» Dataset content
....

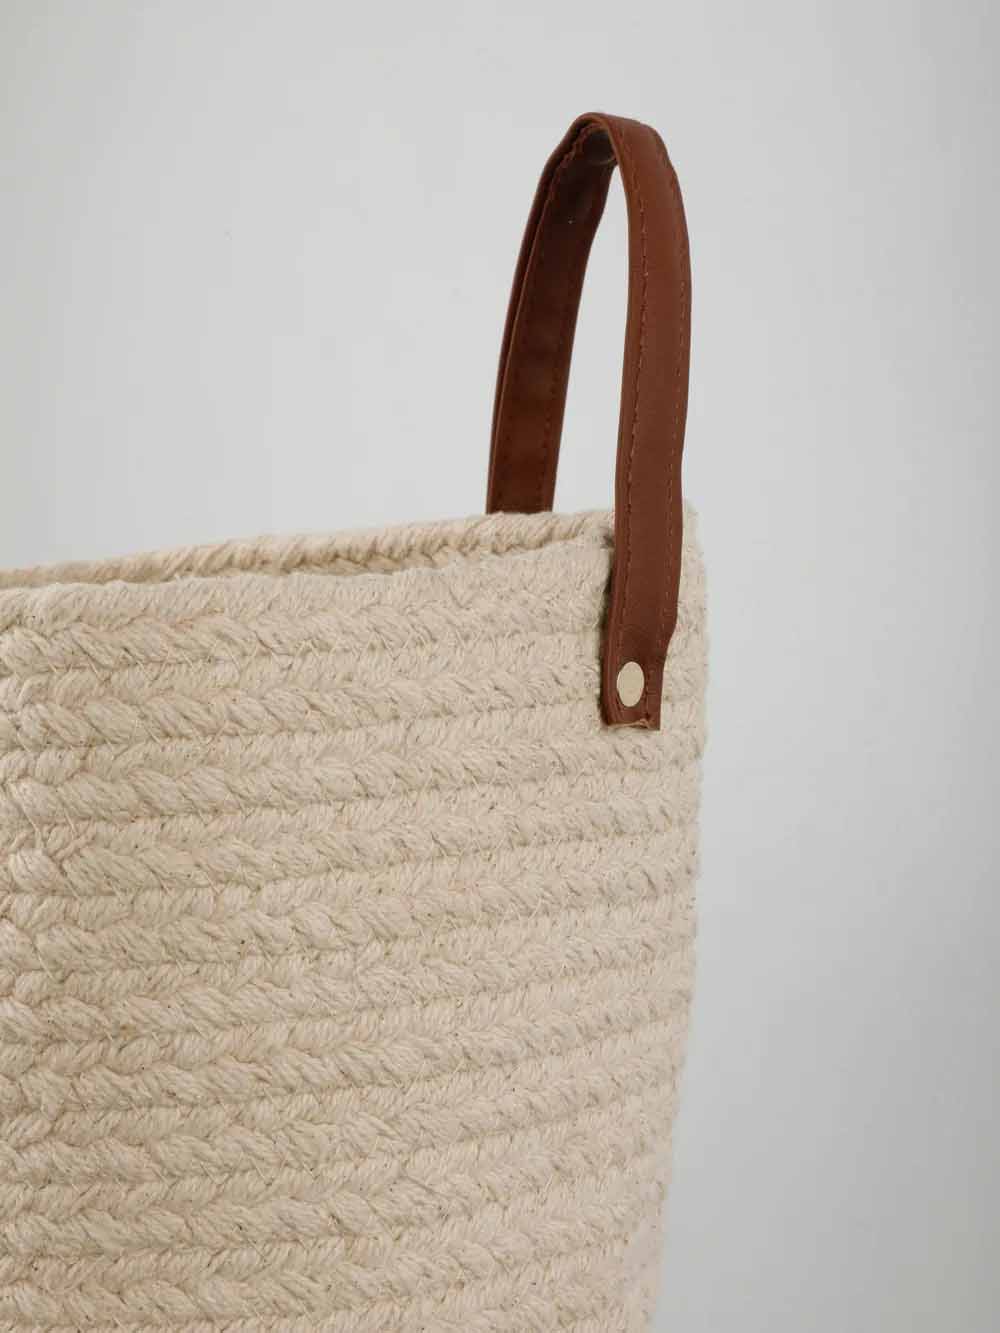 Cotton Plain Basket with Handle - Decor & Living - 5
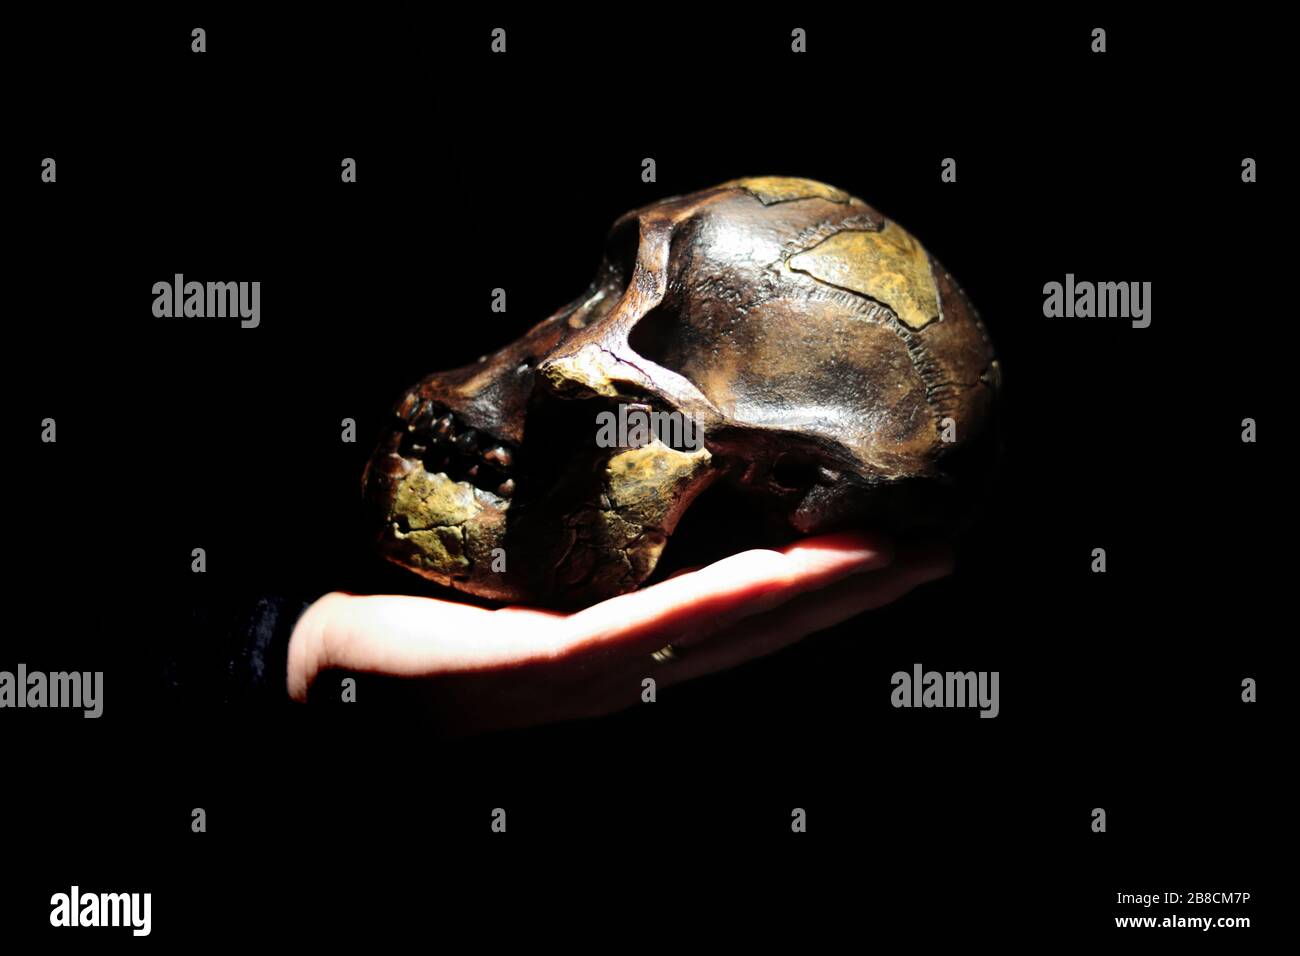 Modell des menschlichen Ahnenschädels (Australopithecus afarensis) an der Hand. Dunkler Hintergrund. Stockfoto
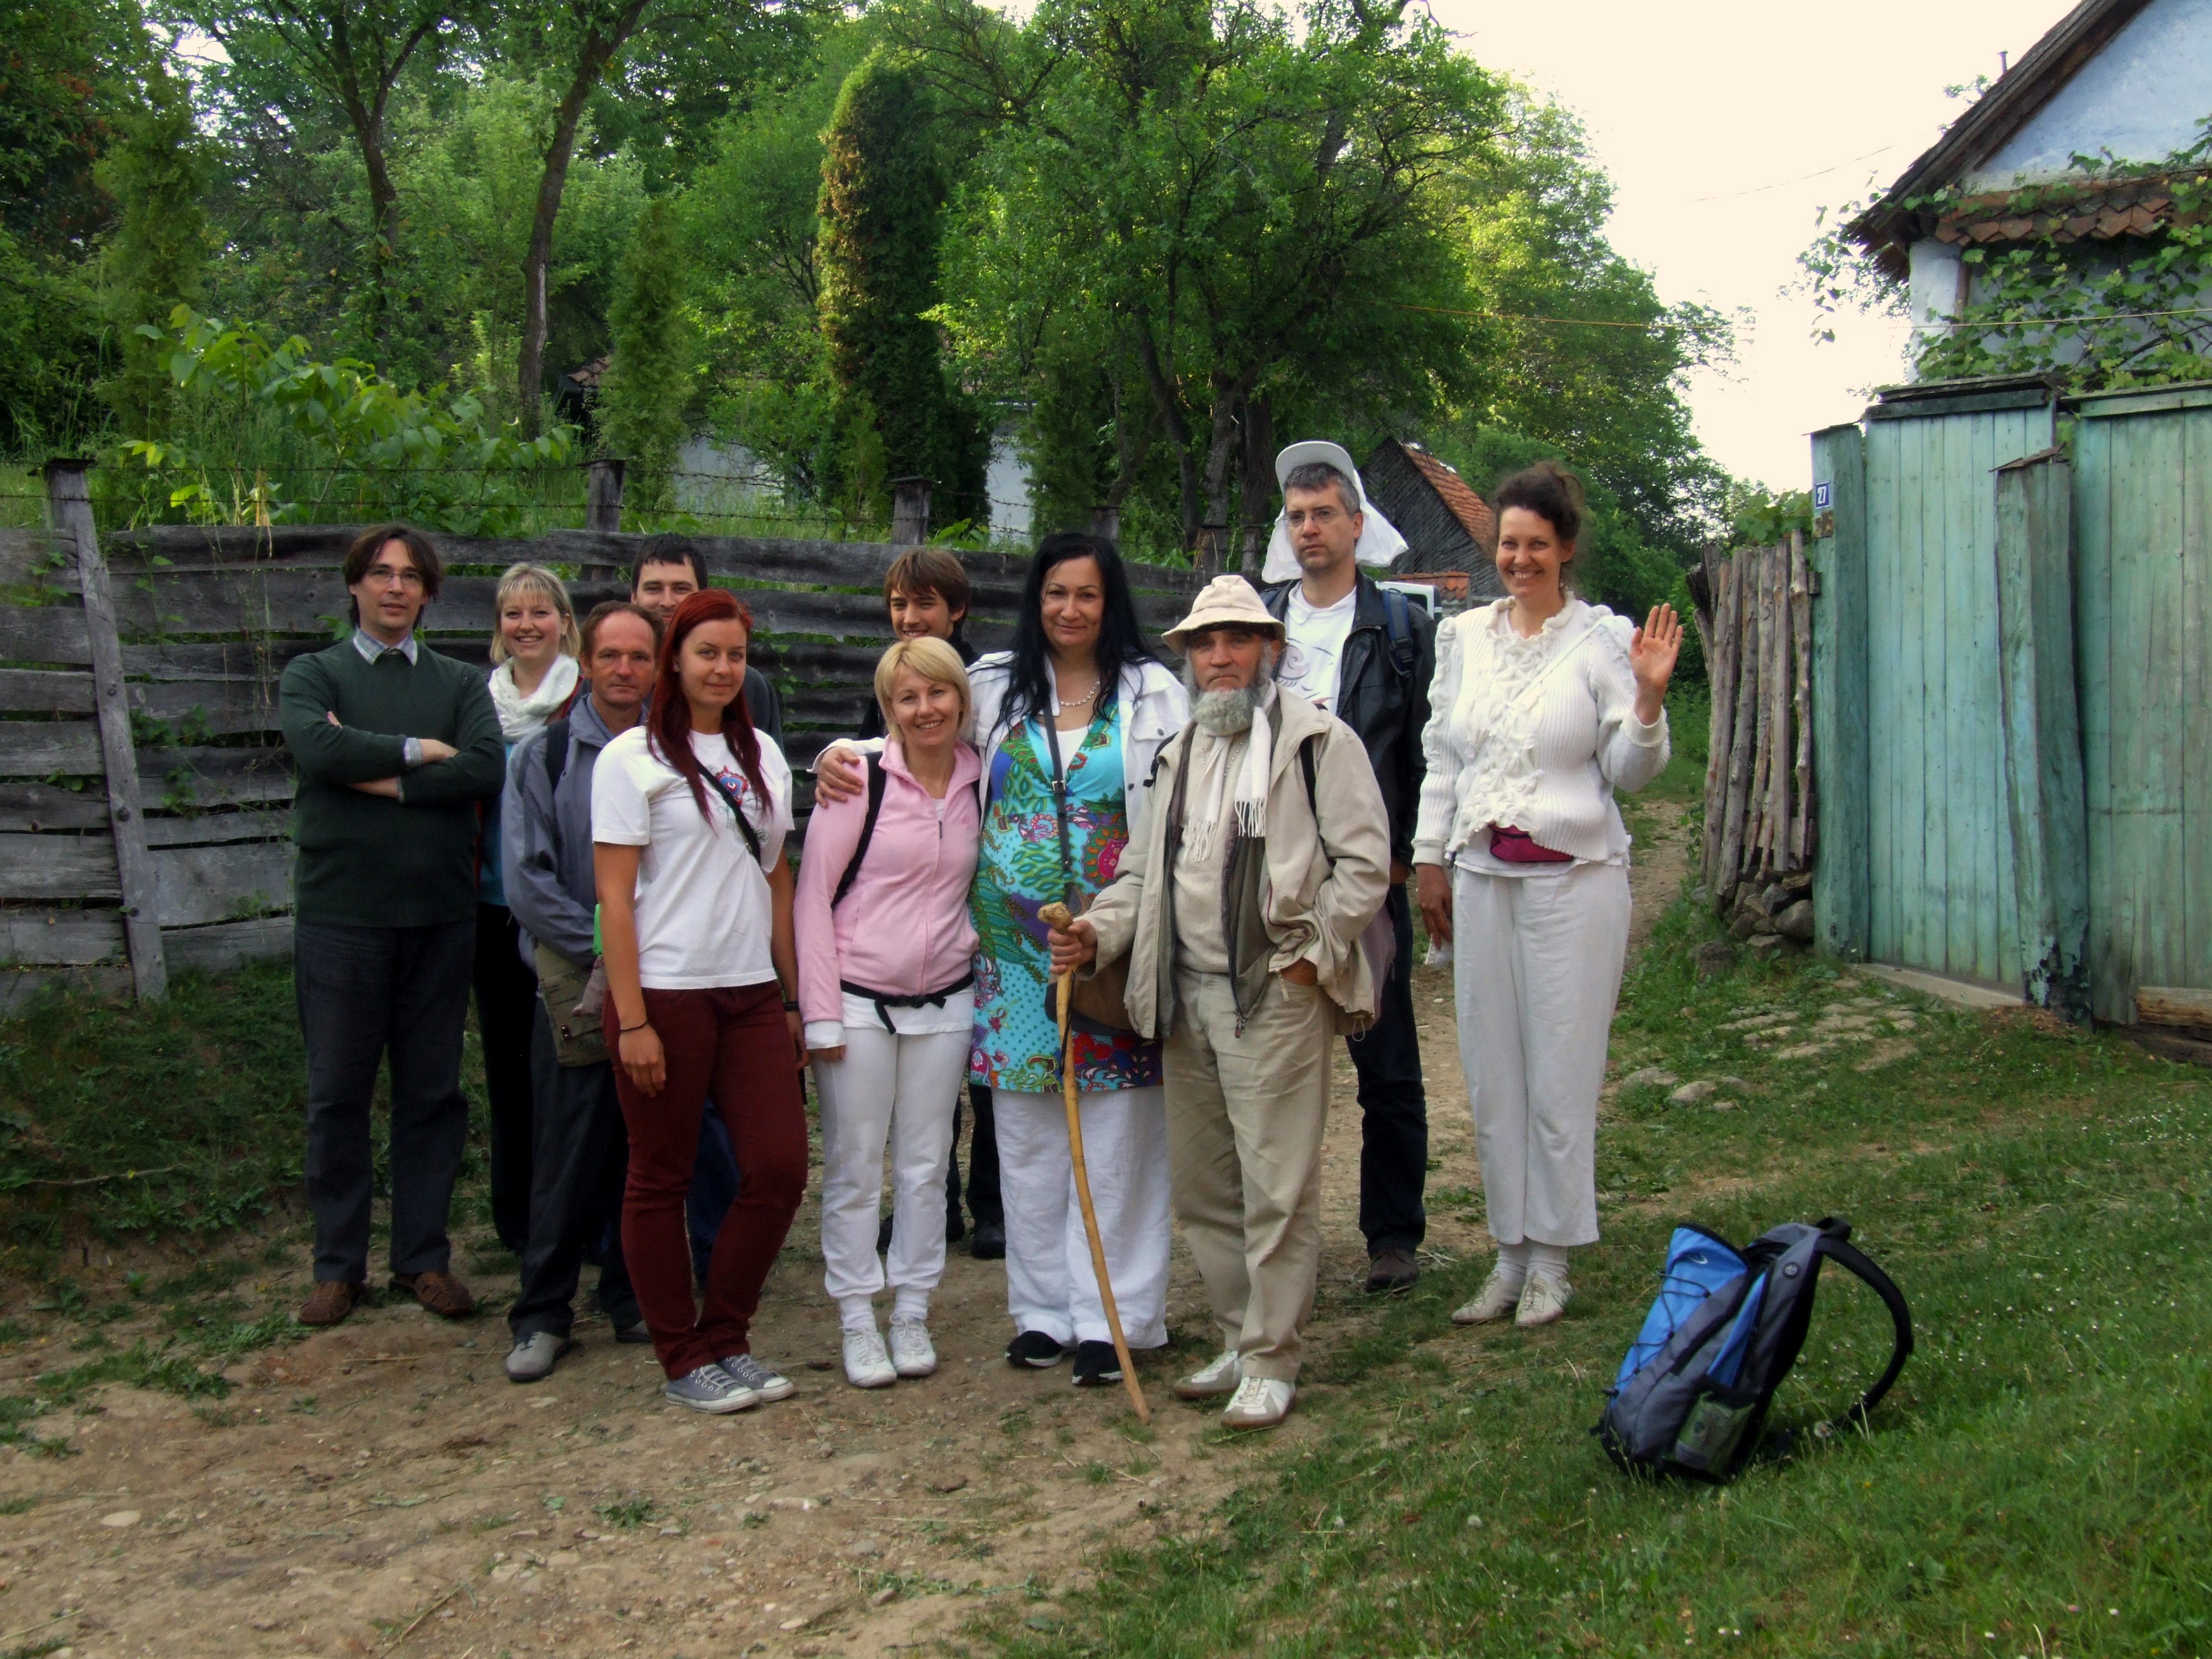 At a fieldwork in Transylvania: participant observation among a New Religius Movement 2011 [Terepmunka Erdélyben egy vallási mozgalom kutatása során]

....

» What you will do
When you repeat the data, keep every line exact and drop the images.

» Expected answer
 Cotton Plain Basket with Handle - Decor & Living - 5
 Modell des menschlichen Ahnenschädels (Australopithecus afarensis) an der Hand. Dunkler Hintergrund. Stockfoto
 At a fieldwork in Transylvania: participant observation among a New Religius Movement 2011 [Terepmunka Erdélyben egy vallási mozgalom kutatása során]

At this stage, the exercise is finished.